> _Prompt_: Give the lines again exactly as they appear, from the first line of the listing through the line containing "Remington, High Terminal", and omit every picture.

> _Data extract_:
+ + +
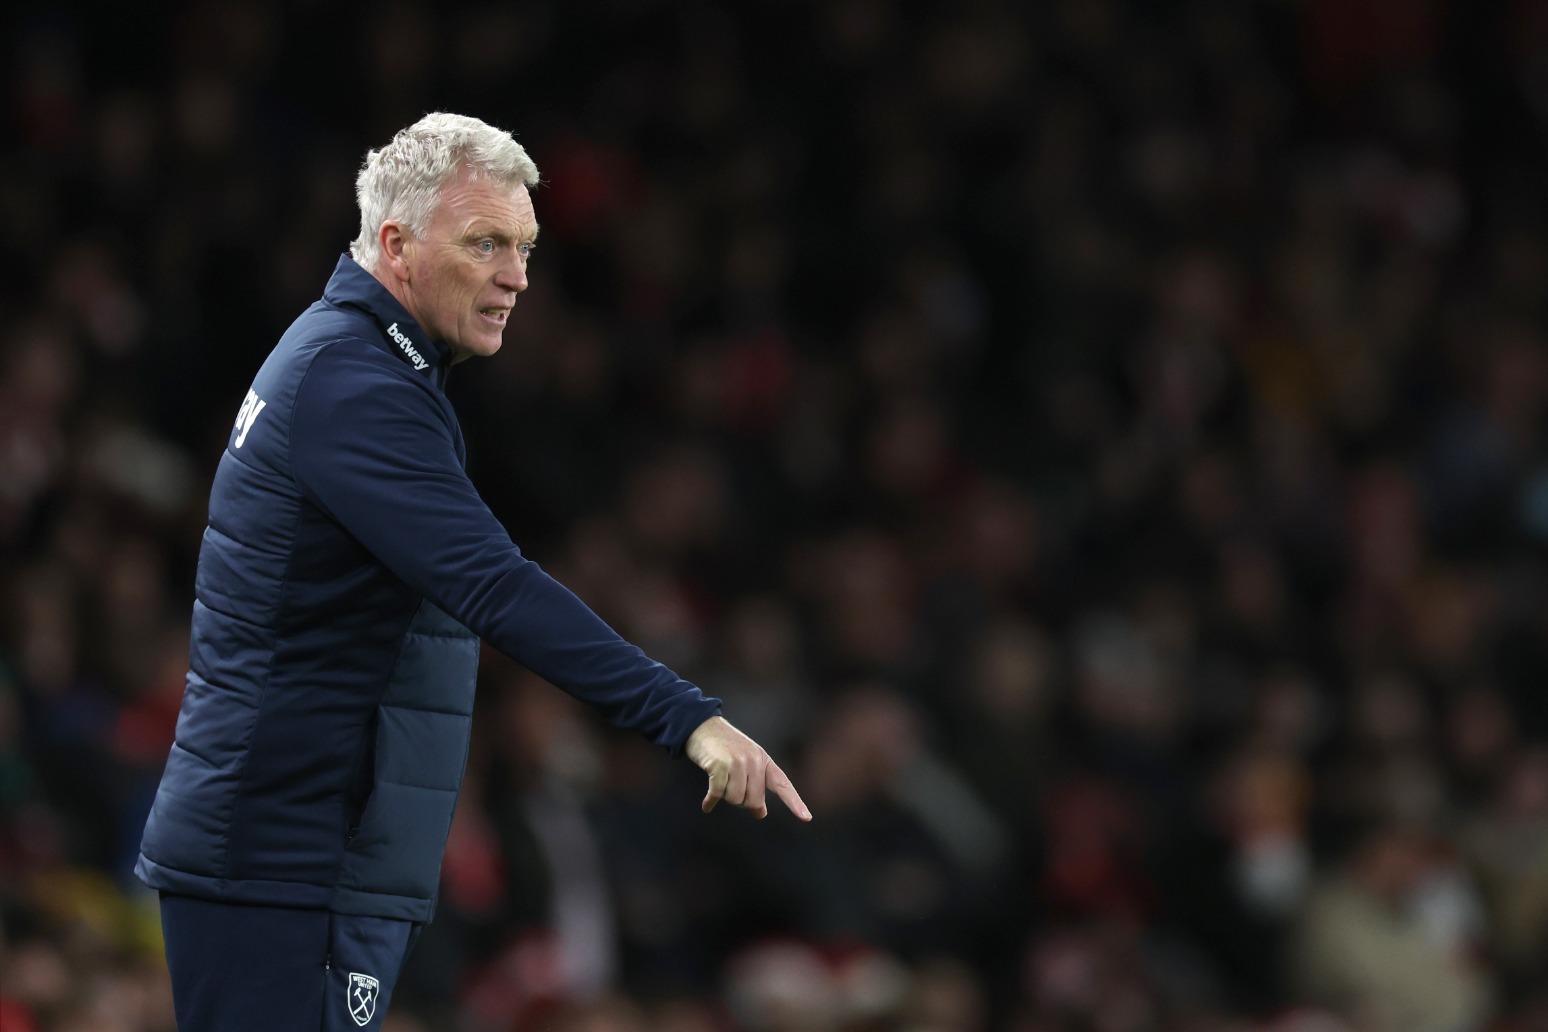 David Moyes confident of board backing as he looks to turn West Ham around 
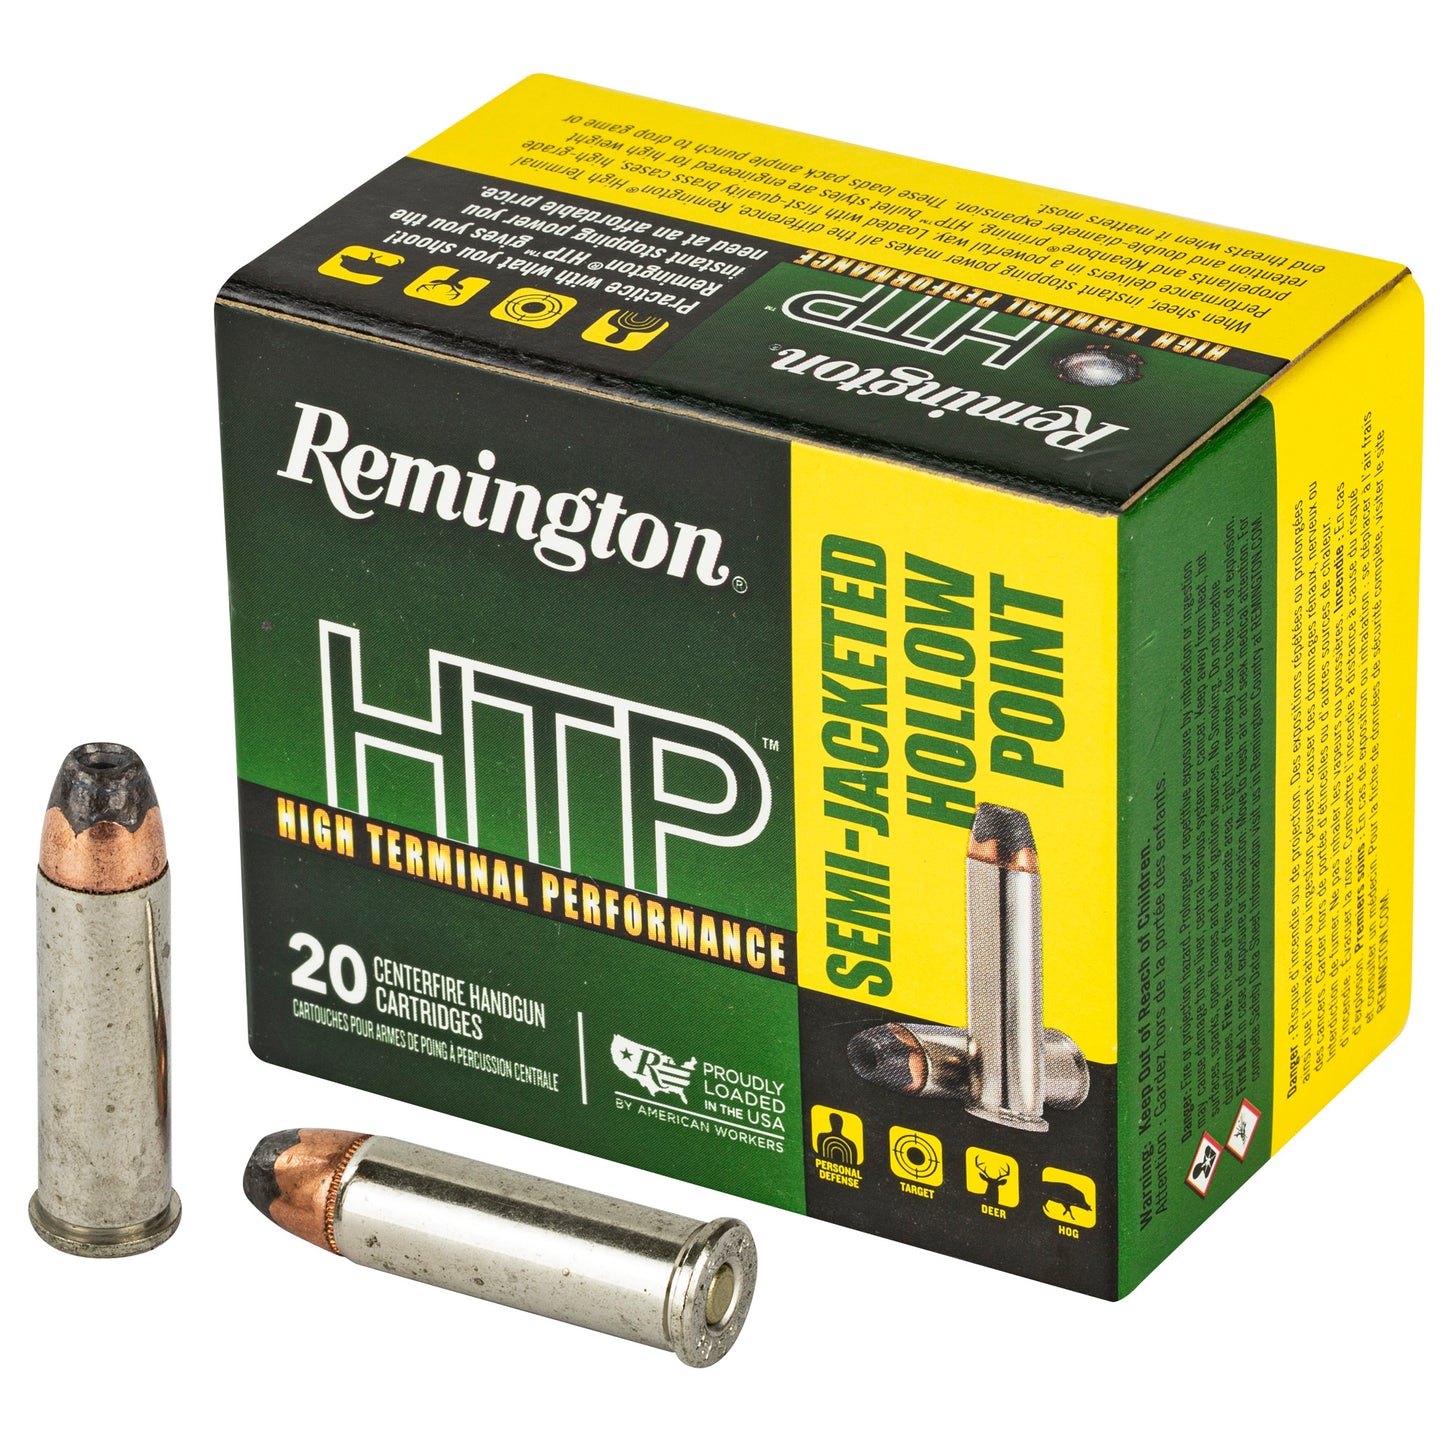 Remington, High Terminal Performance, 38 Special, 110 Grain, Semi Jacketed Hollow Point, 20 Round Box
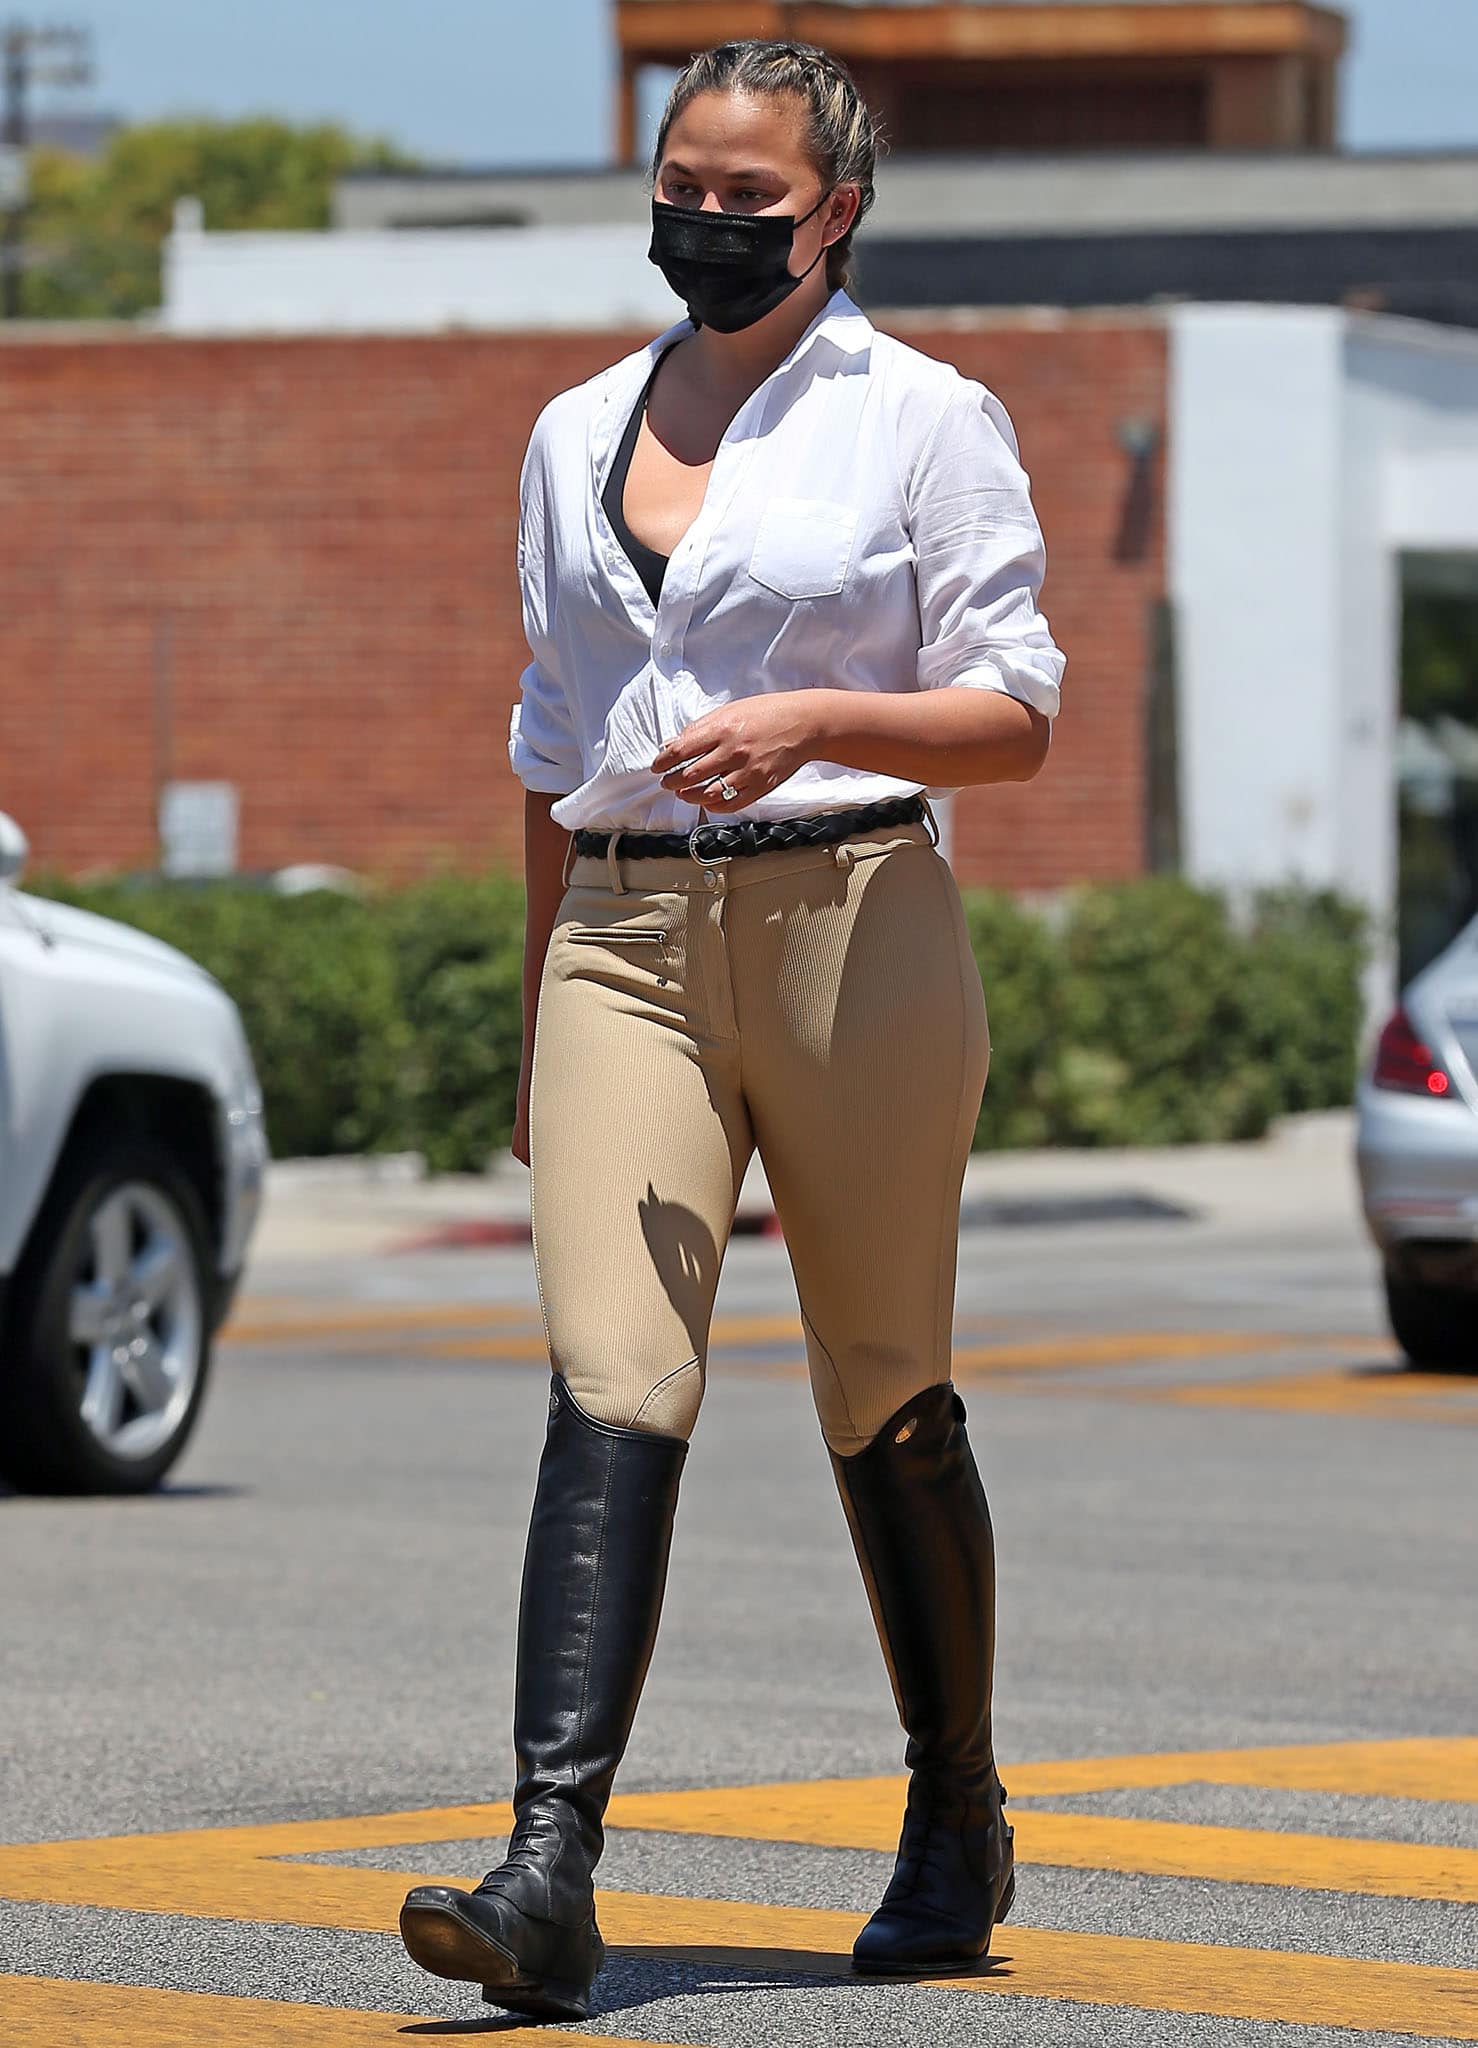 Chrissy Teigen opts for an equestrian-inspired outfit with Frank & Eileen white shirt, Tuffrider pants, and Isabel Marant belt
+ + +
> _Response_:
 David Moyes confident of board backing as he looks to turn West Ham around 
 Remington, High Terminal Performance, 38 Special, 110 Grain, Semi Jacketed Hollow Point, 20 Round Box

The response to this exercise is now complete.